Developments in Turkey

Updated: 5 October 2015

Turkey is a geographical and cultural bridge between Europe and the Middle East. A multiparty system was introduced after World War II, but democracy has had difficulty taking roots. Turkey is negotiating for EU membership, and certain reforms are under way, but much remains to be done.

Since 2002 the conservative Justice and Development Party (AKP), has dominated Turkish politics by winning three elections in a row. The party’s founder, Recep Tayyip Erdoğan was prime minister until 2014 when he was elected president.

AKP's success is partly due to the fact that the party has improved the situation for the majority, while at the same time expressing a more traditional, Islamic belief. Gradually, however, the party has become increasingly authoritarian.

In 2012 the People's Democratic Party (HDP), a pro-Kurdish party where women have half the seats on the party ballots, was founded. In the parliamentary elections in 2015 HDP passed the 10-percent barrier and entered parliament.

In 2005, membership negotiations started between Turkey and the EU. In order to become member, Turkey needs to adapt the legislation and administrative systems to EU rules. At the moment, a Turkish EU membership looks very distant.

Human rights

Arbitrary detention, torture, violence and intimidation have long been a reality in Turkey. During the last ten years, however, the situation has at least partly improved. In, 2013 the AKP government was met wit the biggest popular protests against its rule so far. Police violence against protesters led to widespread criticism, also outside the country. The government responded by attempting to silence independent voices, using laws that severely limited the access to the Internet. Turkey is also one of the countries in the world where most journalists are imprisoned.

Social conditions

About a quarter of Turkey’s population are less than 15 years old and the population grows by more than a million persons per year. Turkey is in many ways an unequal society, especially when it comes to the relation between women and men. The income gap is large and there are significant differences in economic development between different parts of the country.


Turkey’s natural resources consist of, among other minerals, but the supply of oil and natural gas is limited. In 2002, AKP began its reign with rapid reforms. The country was modernized and the standard of living increased. The economic growth was 8.9 per cent in 2010, and the GDP per capita has seen a rapid increase.

The political uncertainty, however, affect the country's economic development and the Turkish currency has fallen sharply in value during 2015. The AKP party came to power as a "clean" actor, but over recent years the party has been part of a massive corruption scandal, involving several ministers.

The Kurdish people

The number of Kurds in Turkey is estimated to around twelve million, accounting for nearly a fifth of the total population.
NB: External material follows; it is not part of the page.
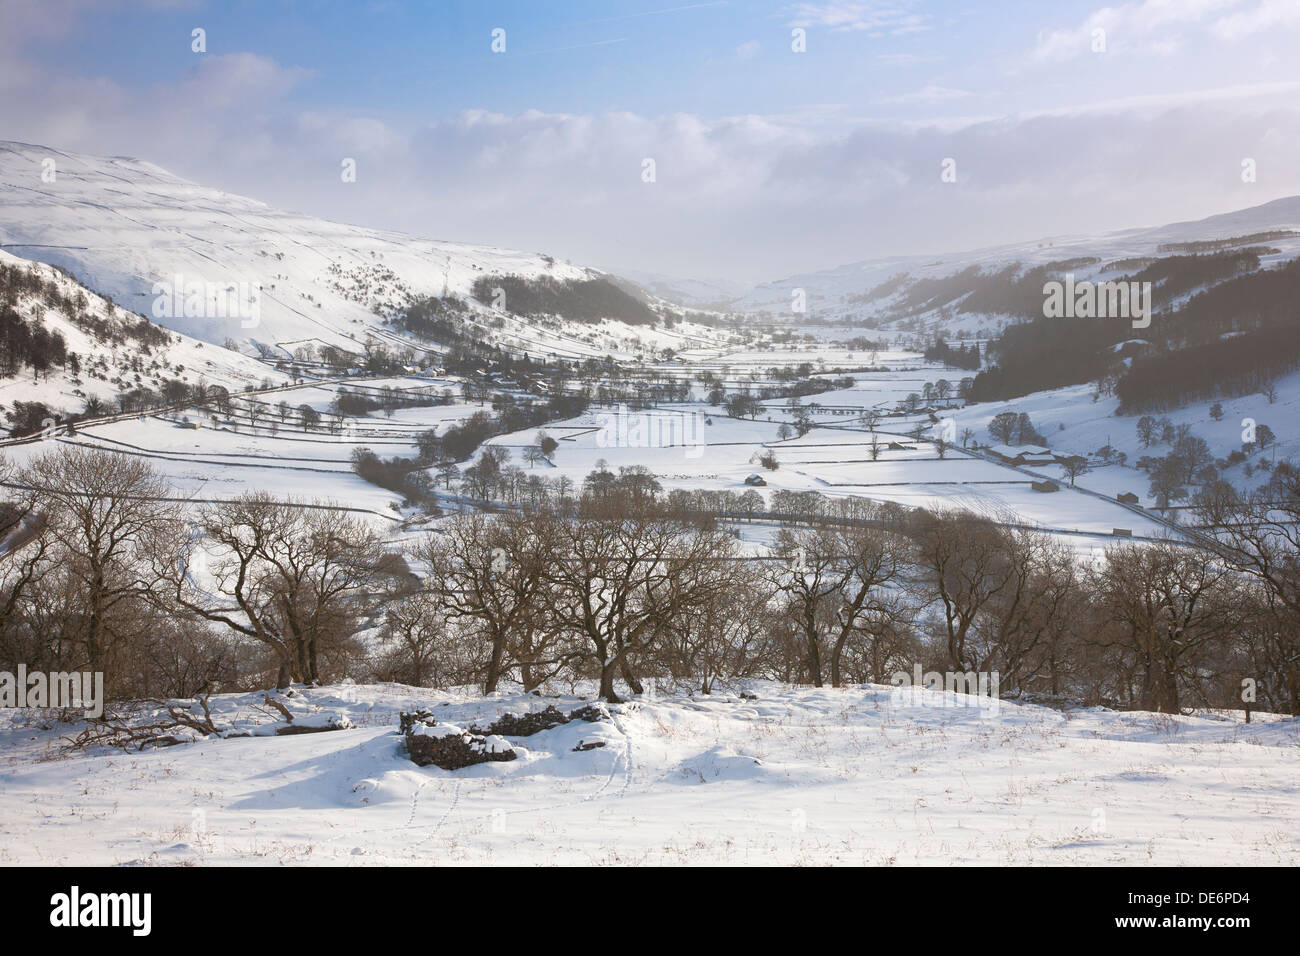 View over Wharfedale towards Buckden Pike from near Cray, Upper Wharfedale, Yorkshire Dales, UK Stock Photo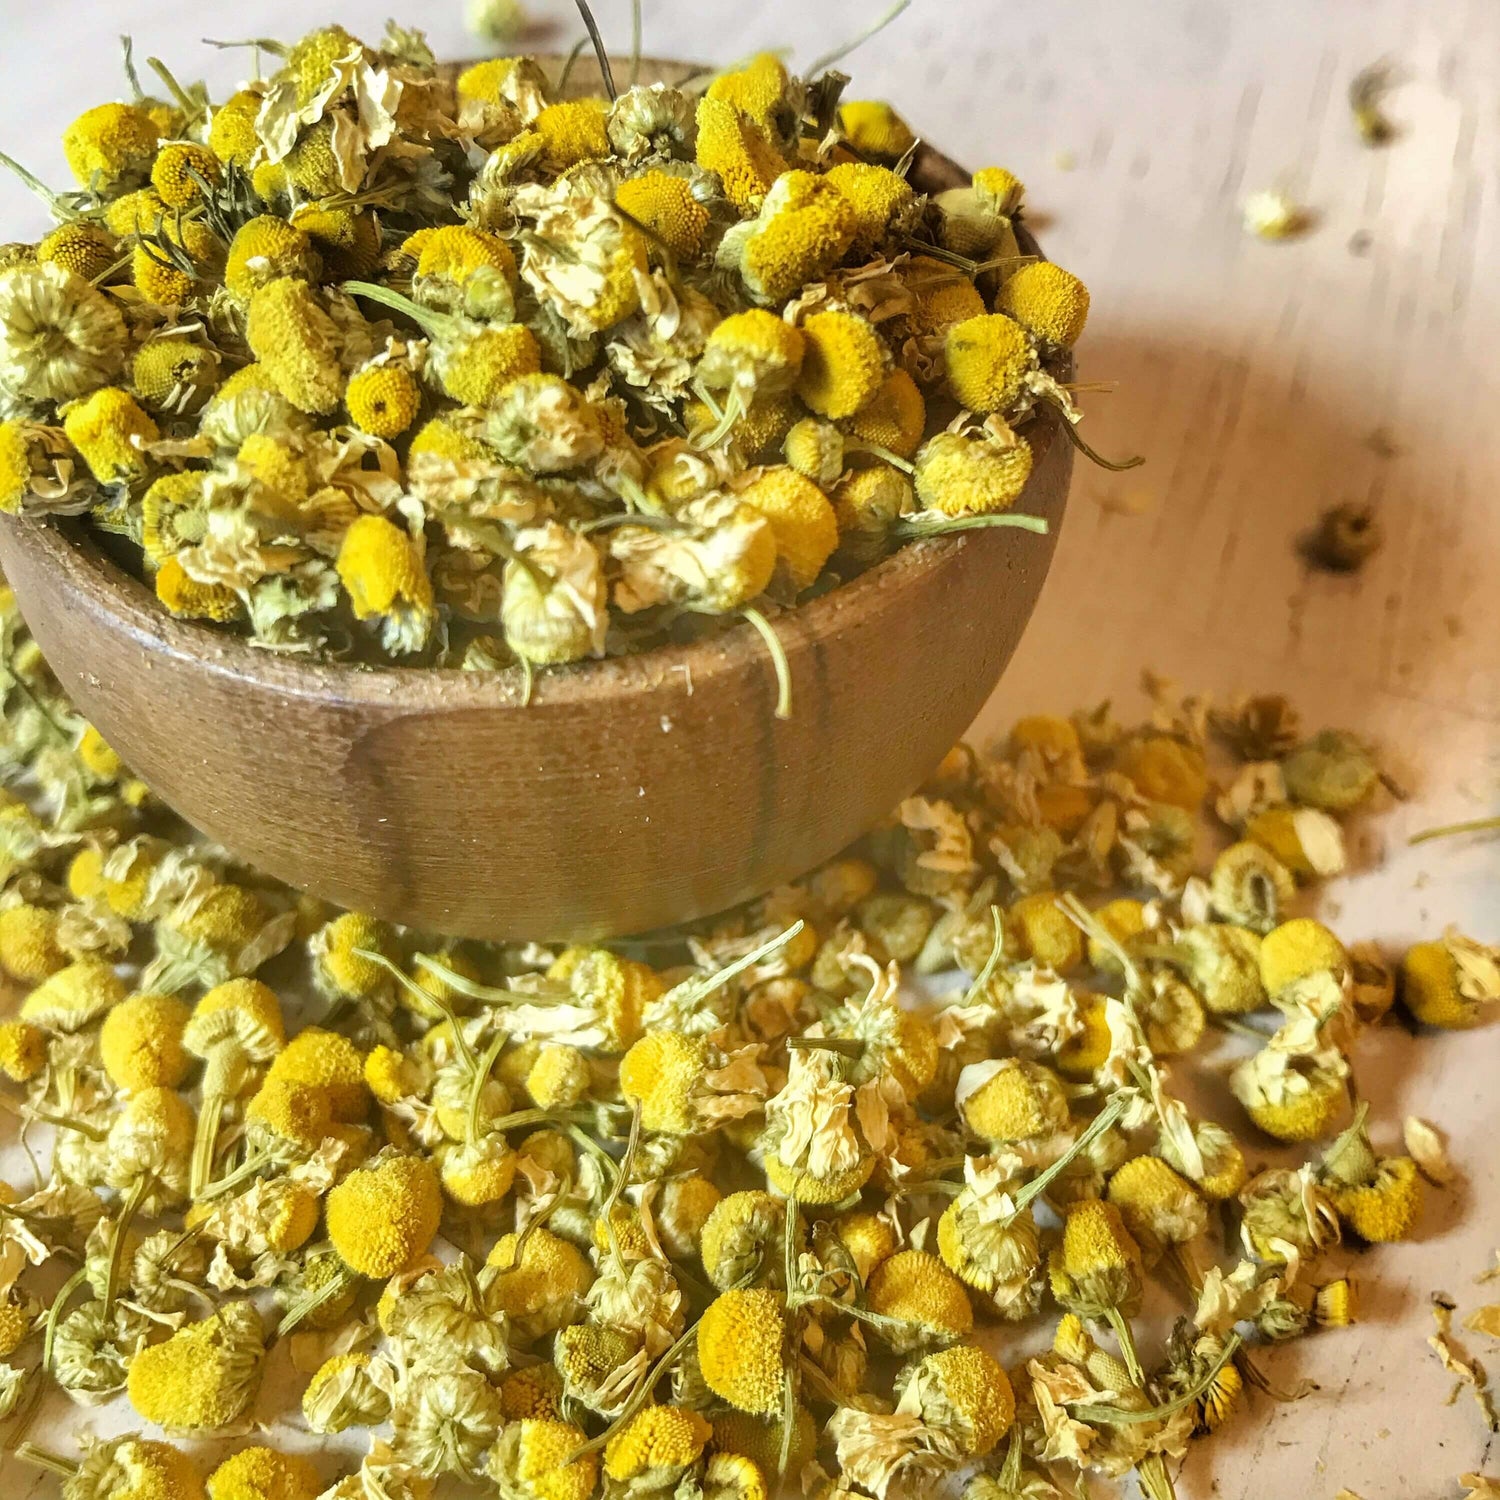 Loose dried chamomile flowers from Sacred Plant Co spread on a wooden surface, capturing the essence of high-quality organic herbs.

Before 1990, Turkey's Kurdish population where officially called "mountain Turks" and they were forbidden to speak their own language and form their own political parties.

In 1978 the Kurdistan Workers Party (PKK) was founded, and in the 1980’s a long civil war between the PKK and the Turkish state began. In 1991 the PKK leader Abdullah Ocalan was arrested and sentenced to death, later commuted to life imprisonment. After negotiations, PKK withdraw its forces from Turkish territory, and although the conflict has escalated during periods, the situation of the Kurdish population has improved since the 1980’s.

The war in neighbouring Syria affects Turkey strongly. Turkey's government is under increasing international pressure to intervene and protect the Syrian Kurds, especially in the city Kobane, which lies on the border with Turkey.